My journey into academia began at a Vipassana meditation retreat in Thailand, where I discovered a previously unimagined depth to my own mind and resolved to explore consciousness from all angles – through philosophy, meditation, psychology and neuroscience. I returned home to complete an undergraduate degree in psychology and an award-winning honours thesis in cognitive neuroscience, before embarking on a PhD in the neural mechanisms of visual awareness. Partway through the PhD, I attempted to publish my first paper and was shocked to discover a highly inefficient scholarly publishing system that wastes time and resources, biases the literature and pressures researchers into compromising their integrity. I also realised that employment prospects are pretty grim in academia, throwing me into a state of disillusionment – if I carried down this path, would I be forced to compromise my scientific integrity to survive in academia? Did I really want to compete with friends and colleagues for too little funding? Was the system even capable of supporting the types of big questions I’m interested in asking? Everywhere I looked, I saw evidence of overworked and burned-out researchers, many of whom had decided to leave academia after years of chasing short-term postdoc contracts around the world.
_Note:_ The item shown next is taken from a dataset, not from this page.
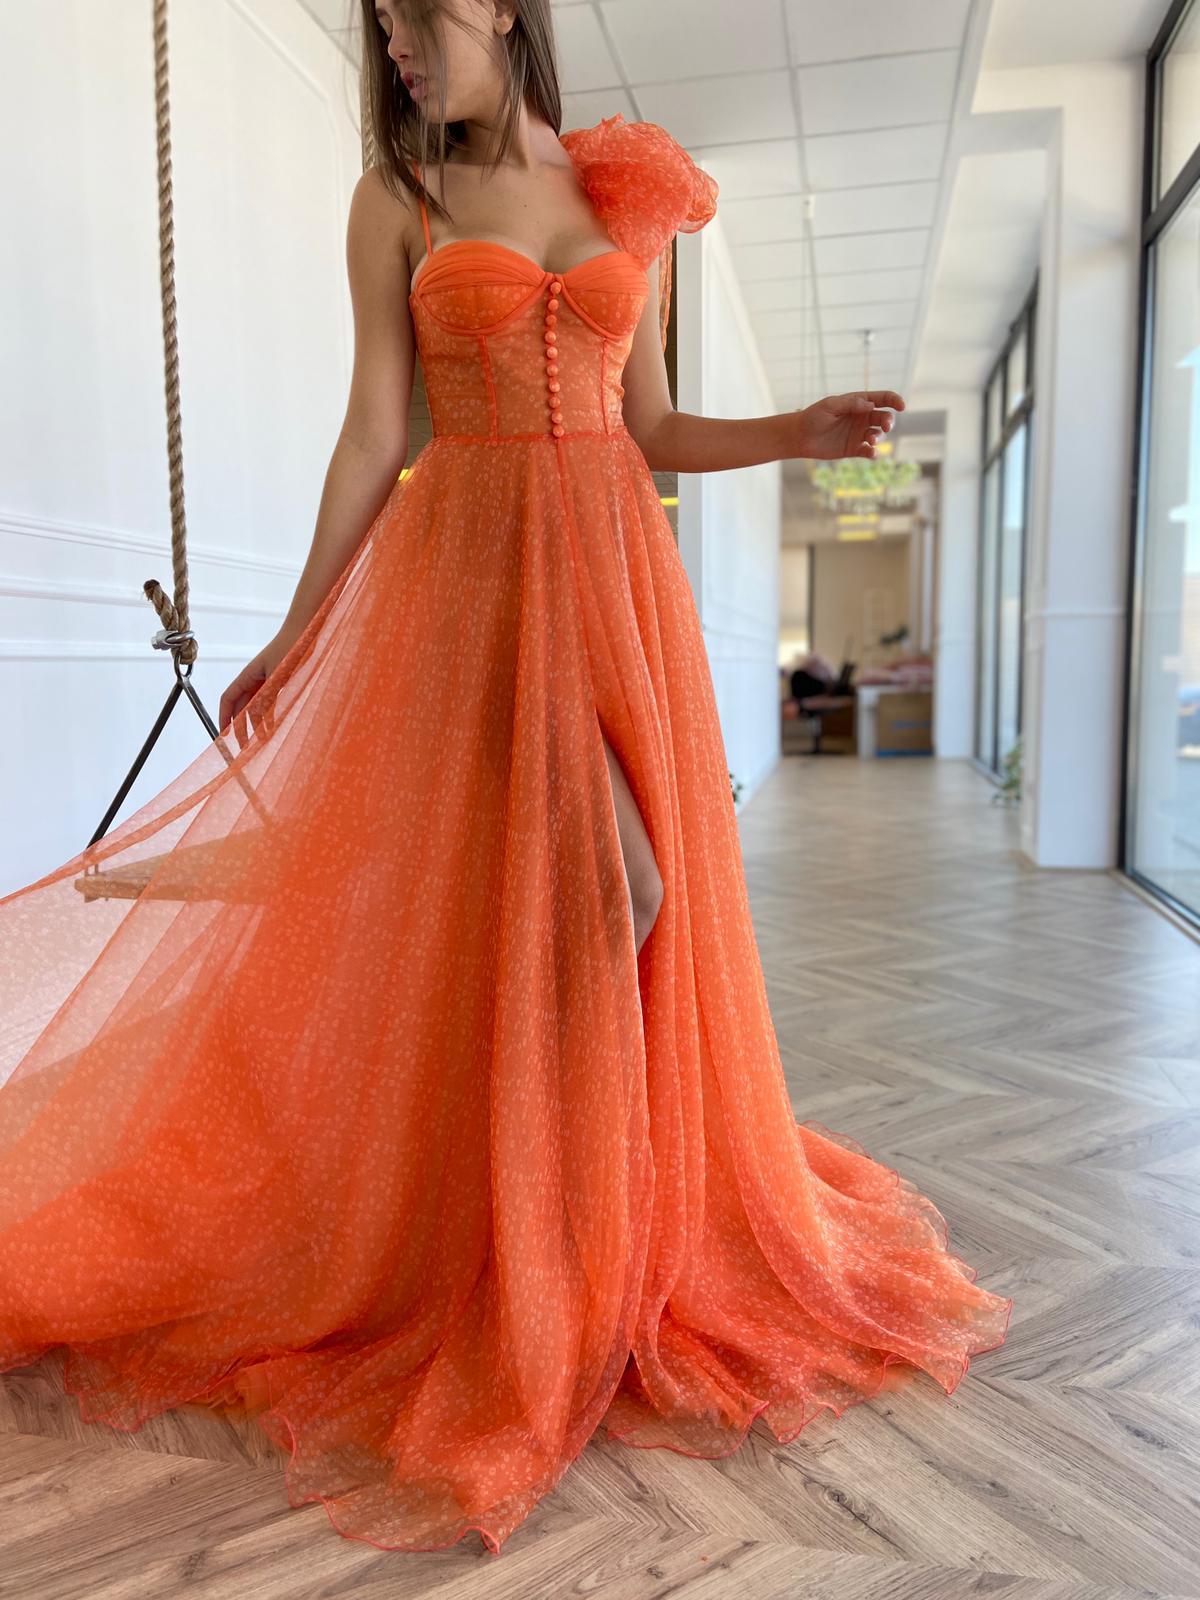 Orange A-Line dress with spaghetti straps and one shoulder sleeve

This disillusionment, coupled with other life stressors at the time, threw me into a deep depression that lasted the latter half of my PhD (incidentally, mental health problems are rife throughout academia). Since graduating, I’ve been rebuilding my mental health and regaining balance, thanks in large part to self-compassion meditation, dancing, and finding hope in the open science movement, which aims to create a fairer system while opening the research pipeline to public scrutiny. Toward the end of my PhD, I joined the Institute for Globally Distributed Open Research and Education and founded a collective action platform that aims to help researchers reclaim control of academia and restore balance in the research ecosystem (Project Free Our Knowledge). After spending far too much time coming oh-so-close to winning funding for this project, I realised I could earn more money playing poker and decided to leave academia to self-fund instead. In 2021, I placed in a few good-sized tournaments and came second on the Australian Poker Tour leaderboard, validating my decision to go ‘rogue’.

I’m now devoting all of my spare energy to Open Heart + Mind (OHM), a community-turned charity where we’ve been testing and iterating on an open review model that I designed to disrupt scholarly publishing, before realising I needed a safer space to prototype. At the same time, I discovered the creative potential of Burning Man gatherings, based on gifting and decommodification principles, and realised this could serve as an analogue for academia and a safe space to prototype the types of radical models I was dreaming up. This work has brought new challenges, not least of all learning to become a leader and manage a community as a born-introvert and recovering perfectionist. I’m deeply grateful for the learning opportunities this project allows and for all the amazing humans supporting me on this journey to realise my dreams.

In between this work and playing poker to fund it, I try to maintain a healthy balance through music, gardening, dancing, meditating, rockclimbing and spending time in nature.